Department of Cardiovascular Medicine, Renmin Hospital, Hubei University of Medicine, Hubei, China. xie580@sina.com


OBJECTIVE: To investigate the connection between atrial fibrillation (AF) and miR-138-5p and to further explore the possible mechanism.

PATIENTS AND METHODS: MiR-138-5p expression of right atrial appendage (RAA) tissues in 28 patients with AF and 22 patients with sinus rhythm (SR) was detected by quantitative reverse transcriptase-polymerase chain reaction (qRT-PCR). Moreover, cell proliferation assay was conducted in AC16 cells which were transfected by miR-138-5p inhibitors or mimics. Furthermore, Western blot assay, luciferase assay, and RNA immunoprecipitation assay were performed to uncover the mechanism.

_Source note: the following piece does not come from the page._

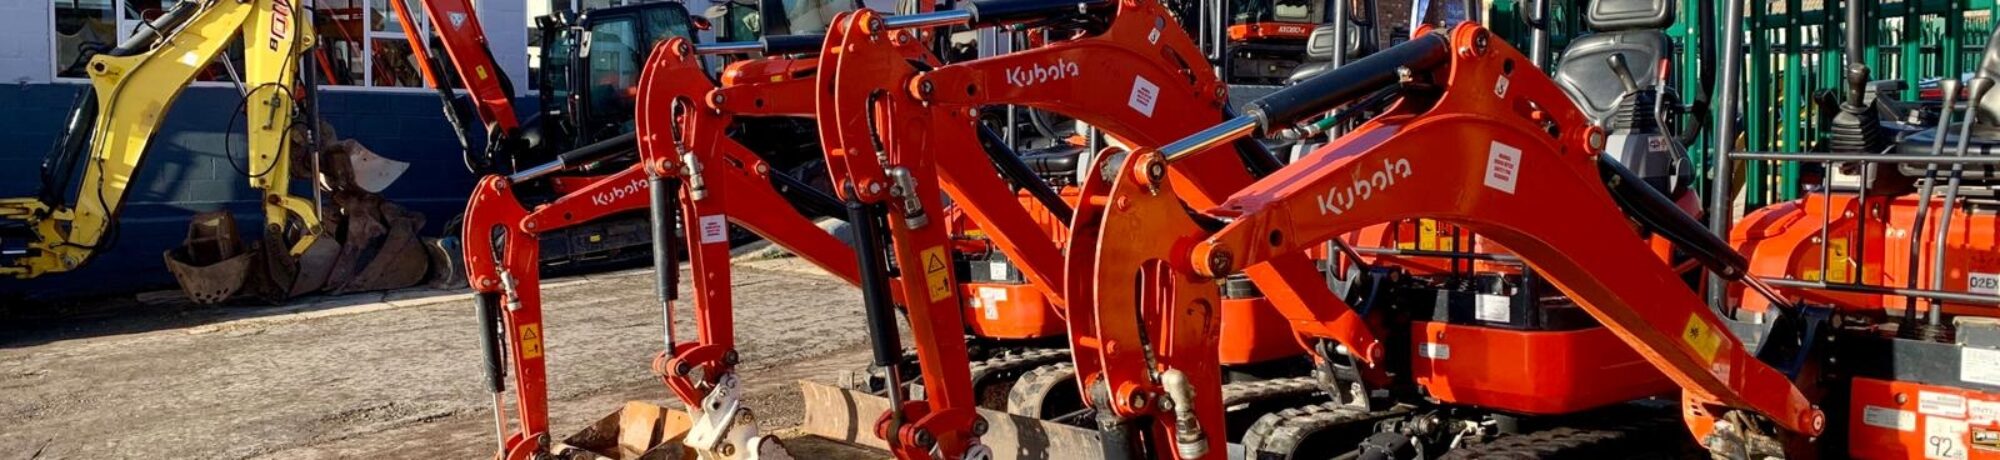 Kubota Excavators for sale at Jay Bee Plant Sales
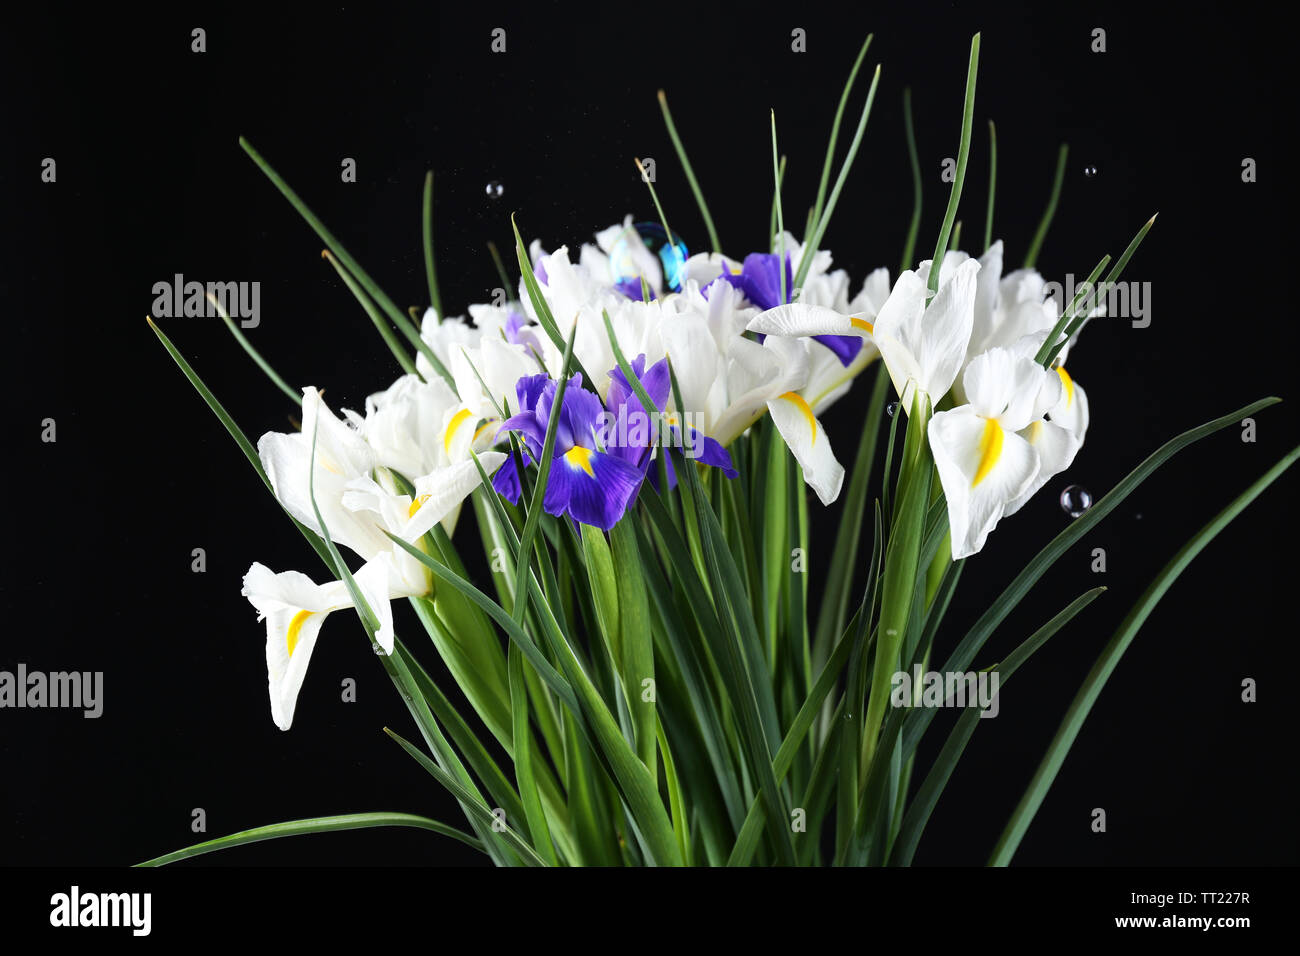 Beautiful irises on black background Stock Photo

RESULTS: In the present research, miR-138-5p expression in RAA samples decreased significantly in AF patients than that in SR ones. Moreover, in AC16 cells, higher miR-138-5p expression level suppressed cell growth, while cell growth was promoted after miR-138-5p was knockdown. In addition, further experiments showed that CYP11B2 acted as the main target of miR-138-5p and its expression in AF tissues negatively correlated to miR-138-5p expression.

CONCLUSIONS: All the results above elucidated that cell proliferation of AF could be inhibited by miR-138-5p via suppressing CYP11B2, which may offer a new vision for interpreting the mechanism of AF development.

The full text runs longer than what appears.